One perplexing factor that affected the exchange rate is the extremely high value of petroleum imports in June 2022 — $2.9bn compared to only $1.4bn in May. Except for June, per month petroleum imports were valued at only $1.4bn. It is puzzling that this value is more than twice the values observed in earlier months.
This mystery can only be solved by breaking down the values in relation to the quantity of petroleum products and the corresponding import prices. This data will come after a couple of months.
One possible cause are the higher import prices when petroleum products were booked a couple of months ago and their higher value payments struck after approximately two months. Another possibility is that a larger quantum was imported in June.
While the imports in July were less than the imports in June, outflows on account of disinvestments of T-bills and other financial assets by non-residents added to the scarcity of dollars. It is thanks to workers’ remittances of $31.2bn in FY22 that our current account deficit at $17.4bn is much smaller than the trade deficit.
However, this deficit is far larger than the FY21 current account deficit of only $2.8bn. For many analysts, like those sitting in rating agencies, this itself is reason enough for the large depreciations observed so far. In addition, the current account deficit of June was $2.3bn — 64pc higher than the May deficit. From this perspective, the exchange rate battering is a rational market outcome.
The fact that we are witnessing an unambiguous political crisis prevents our economy from healing through normal doses of price increase including the exchange rate. The delayed IMF board meeting has also caused the markets to panic. They seem to have forgotten about the IMF staff-level agreement.
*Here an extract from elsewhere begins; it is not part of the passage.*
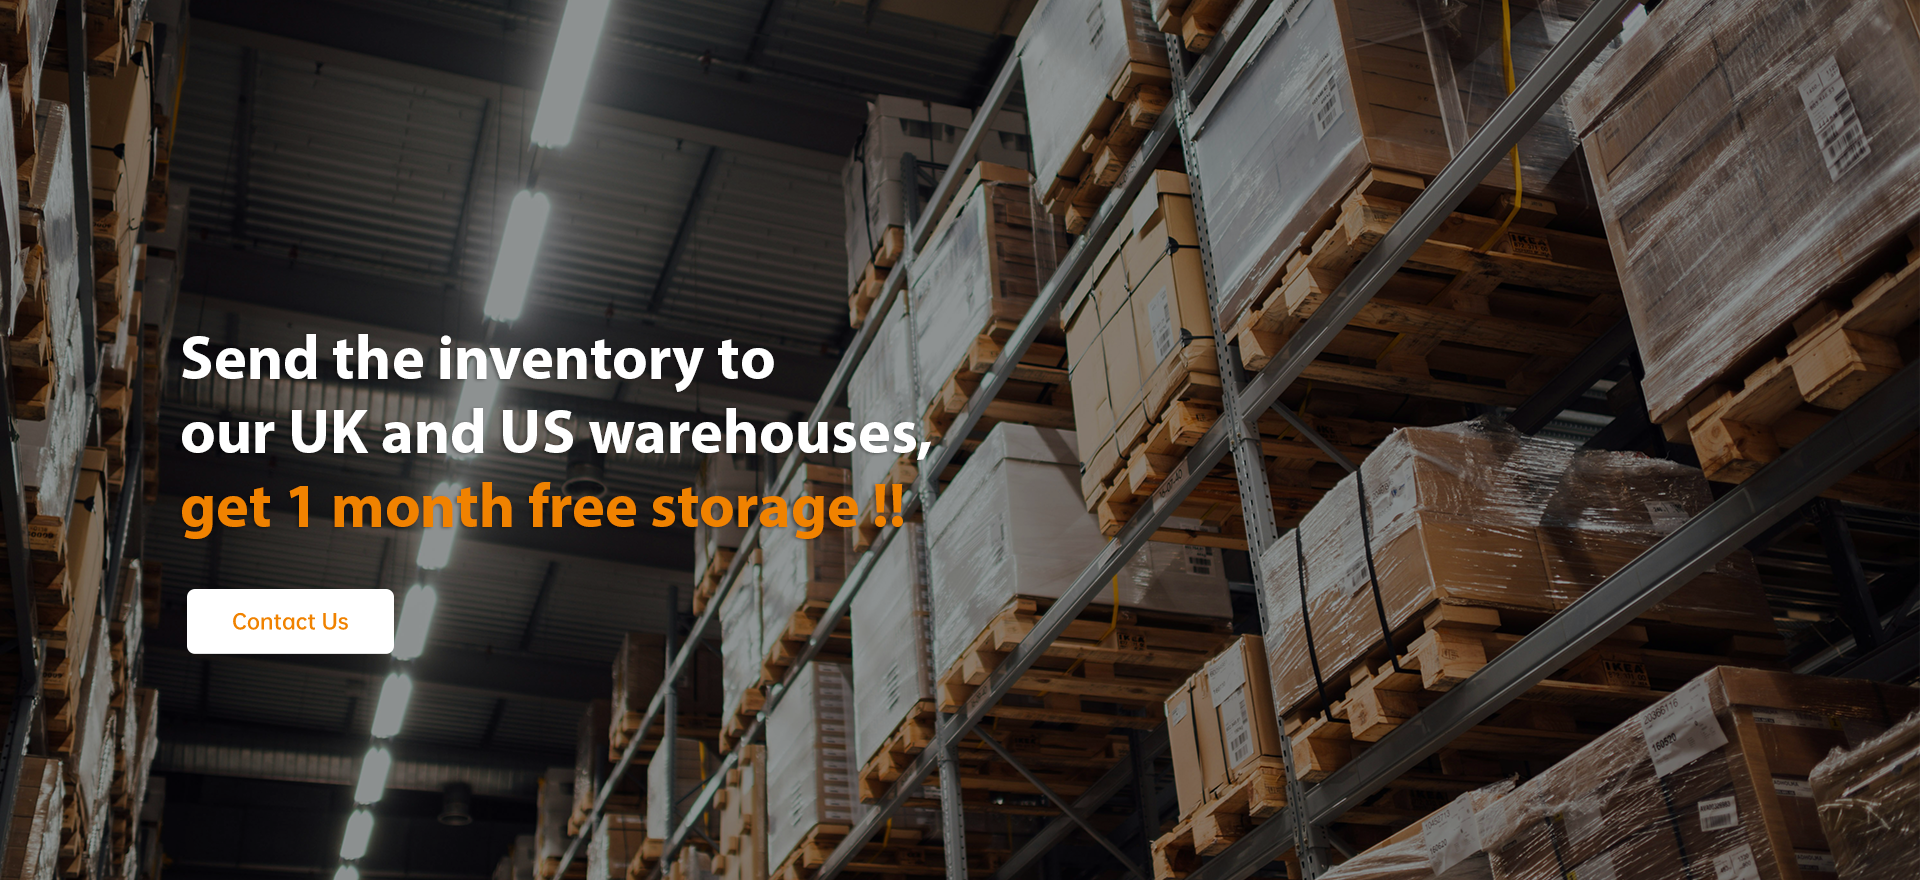 Let us ship your goods to our warehouse in the UK or US and get 1 month free storage.

For Pakistani authorities, the most difficult job is to convince the IMF about the sufficiency of measures already taken. Now that the Fund has lent a helping hand (after Gen Bajwa’s call to a US official) to calm the markets through its reassurance about the completion of all conditionalities leading to its board approval, the markets have heaved a sigh of relief and are likely to witness significantly reduced volatility. All of this indicates that the rupee might appreciate significantly after the receipt of the IMF tranche.
As stated above, the confluence of various crises together with political uncertainty has caused these market sentiments, which may continue even after the resumption of the IMF programme. The credibility of the present government has further weakened after its unwise criticism of the recent Supreme Court decision which democratically installed a PTI government in Punjab.
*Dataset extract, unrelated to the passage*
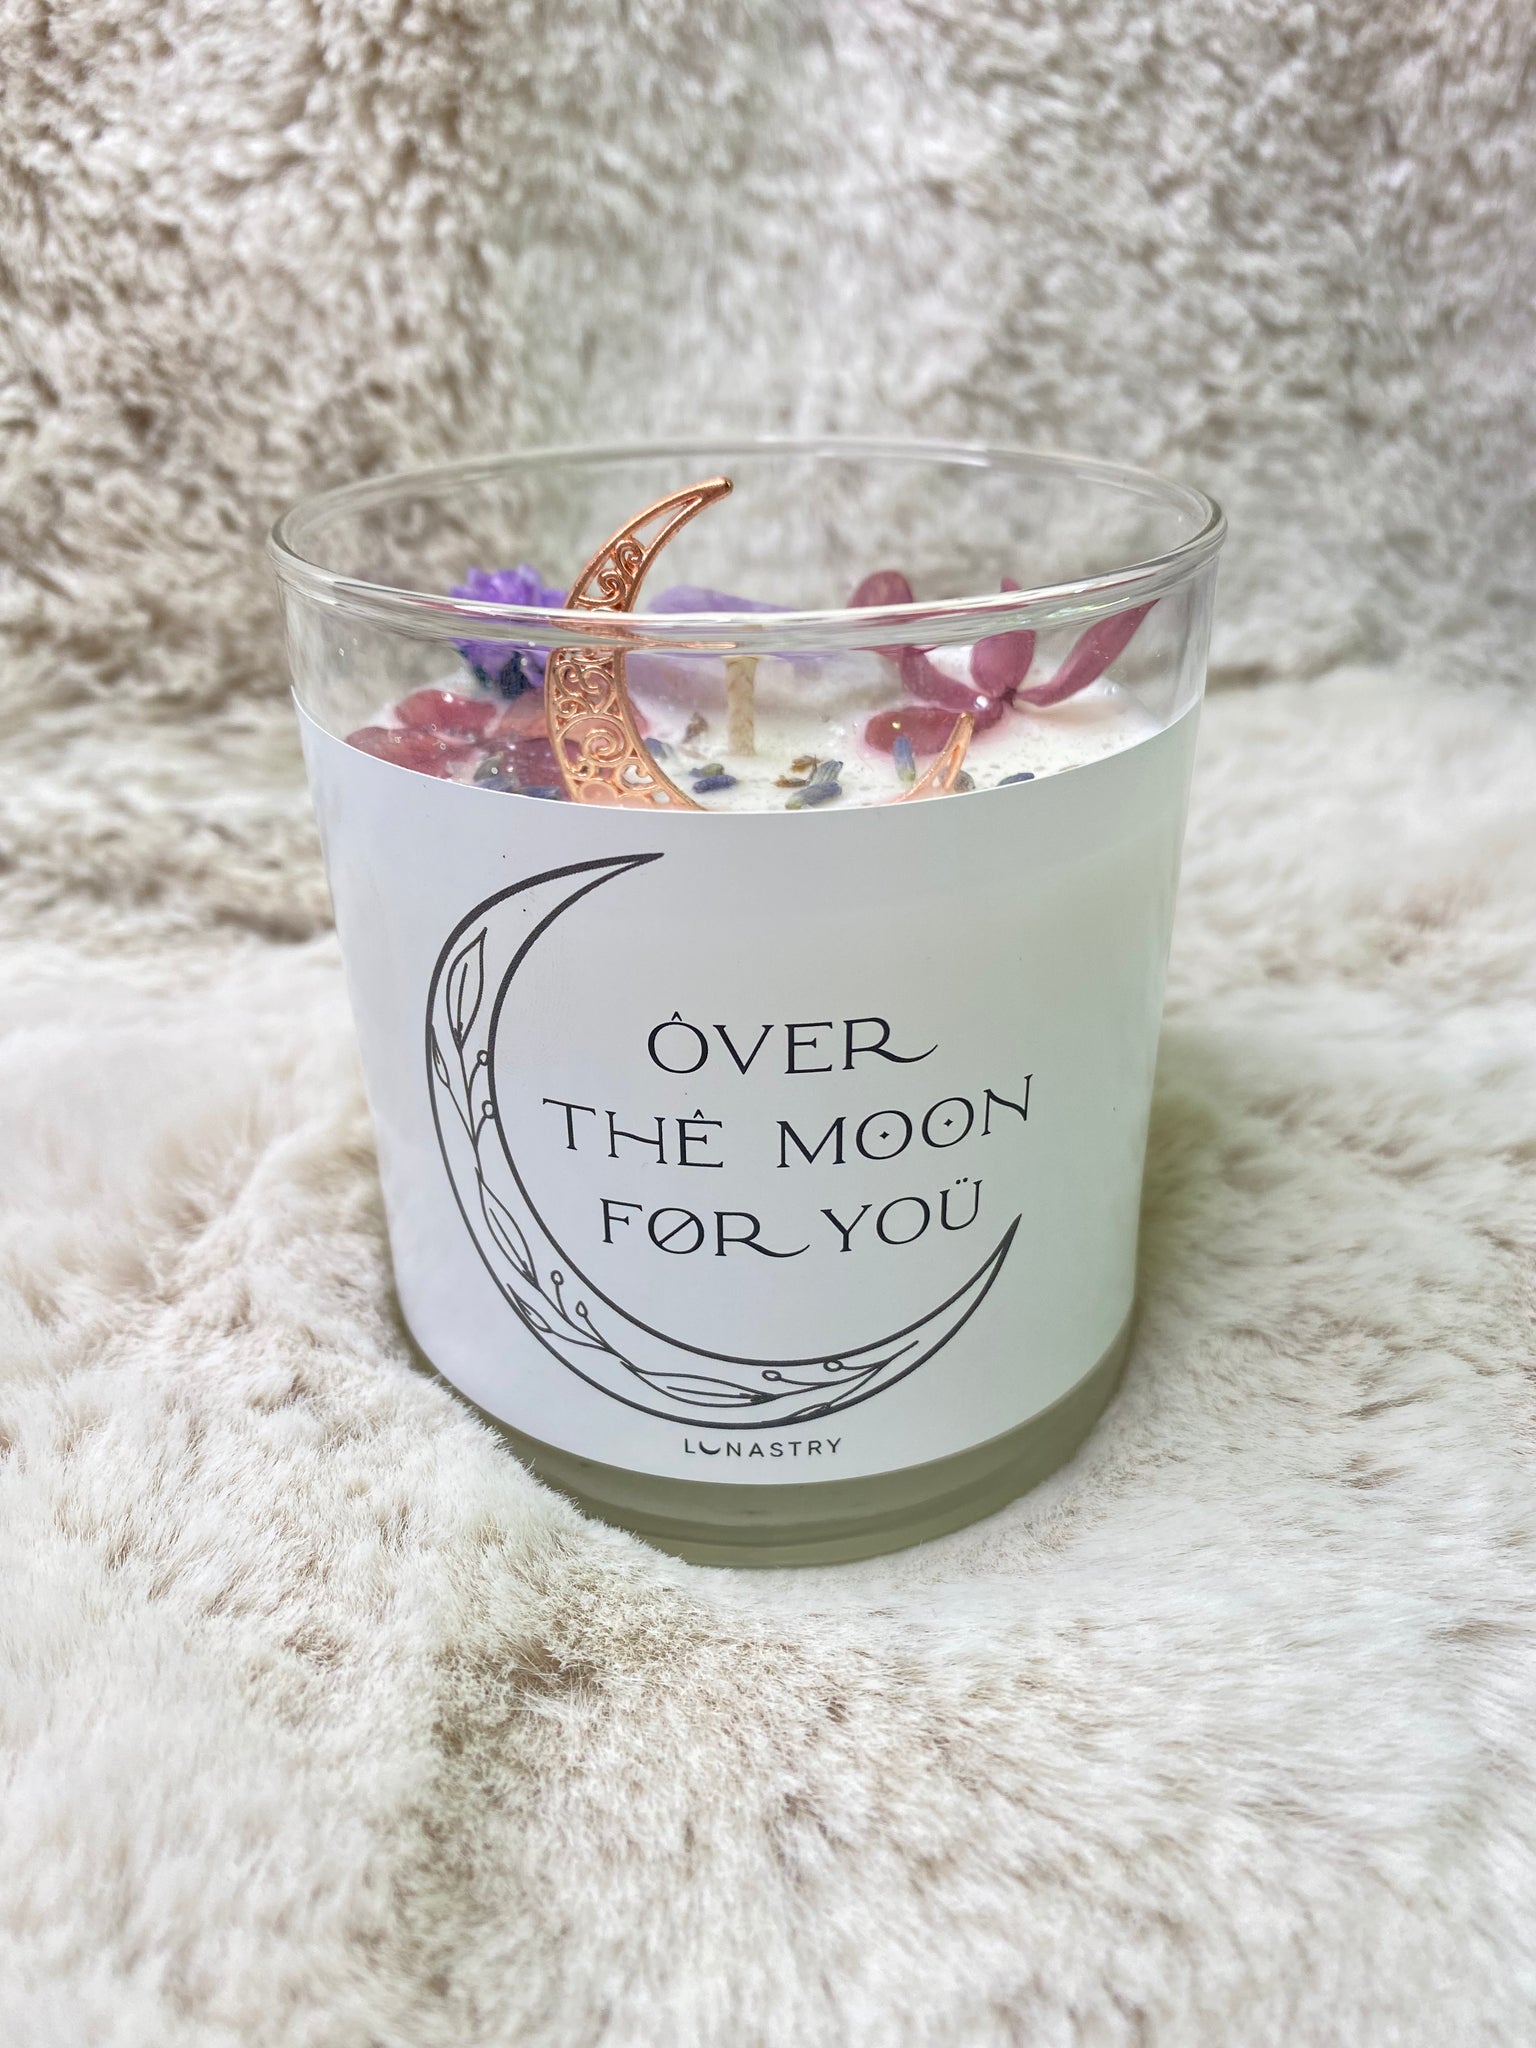 Lunastry Soy Wax & Crystal Candles - Over The Moon For You

The only prudent course of action for the federal government is to announce a date for general election free from generals and other non-constitutional influences. A credible interim government will go a long way in reducing political uncertainty and pave the way to establish the democratic writ of Pakistan’s citizens. This is the only option to lessen exchange rate and other economic woes.
The writer is a former deputy governor of the State Bank of Pakistan.